I just read an excerpt from Switch: How to Change Things When Change Is Hard by Chip and Dan Heath, which has two great examples of how costly interruptions can be. In the first, nurses make mistakes with medications because others (surgeons, even) are interrupting them. In the second example, hitting closer to home, software engineers delay their release schedule substantially by interrupting each other. I feel guilty. I've been interrupting my officemates and group members too much, and I think it's hurting everyone.

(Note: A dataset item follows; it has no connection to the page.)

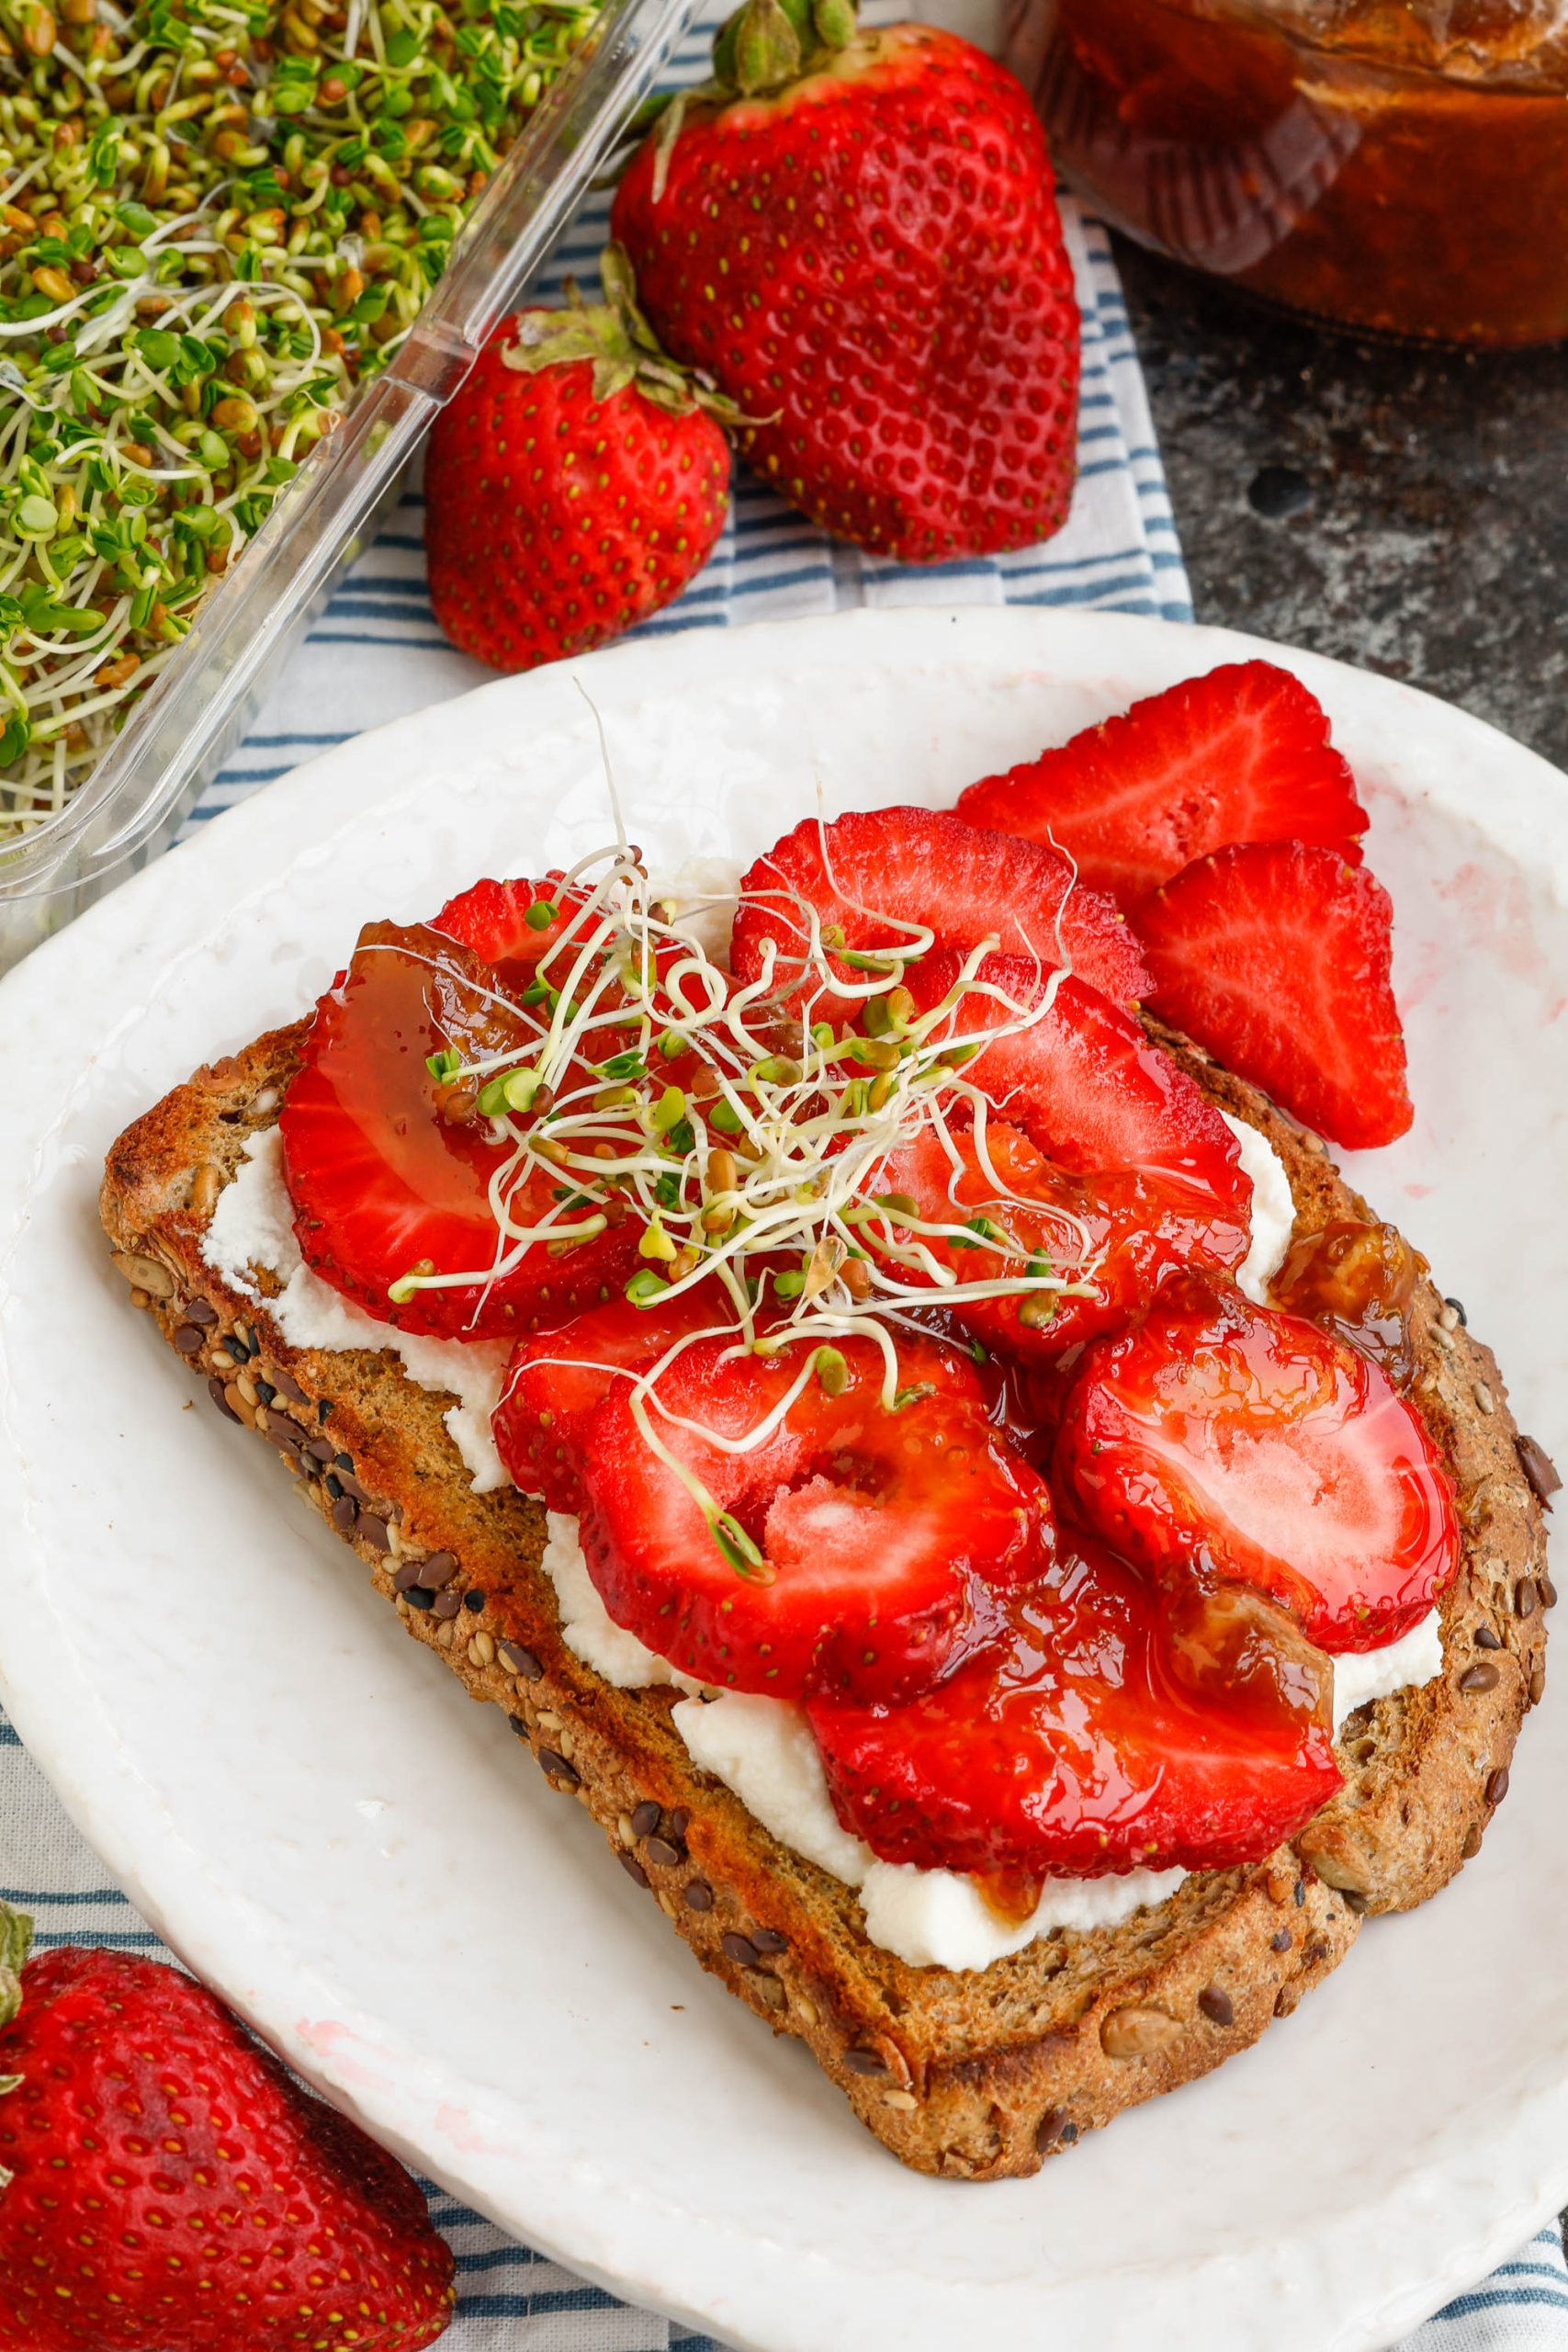 Strawberries, jam, and sprouts on toasted bread.

Here's what I'm going to do

To interrupt someone, I have to knock on an imaginary door. I'm going to make the person inside stop what they're doing, get up, walk to the door, and open it for me. By the time they get back to what they're doing, they will have trouble picking it back up. I need to justify why I'm knocking, and I need to come prepared.

Next, when I'm done with that conversation, or when I'm done with any task, that's a door I'm closing. Someone, maybe me, will eventually come back and open that door. It's my responsibility now to not waste their time later. If there's something they will need to know, it's up to me to write that down while I still remember.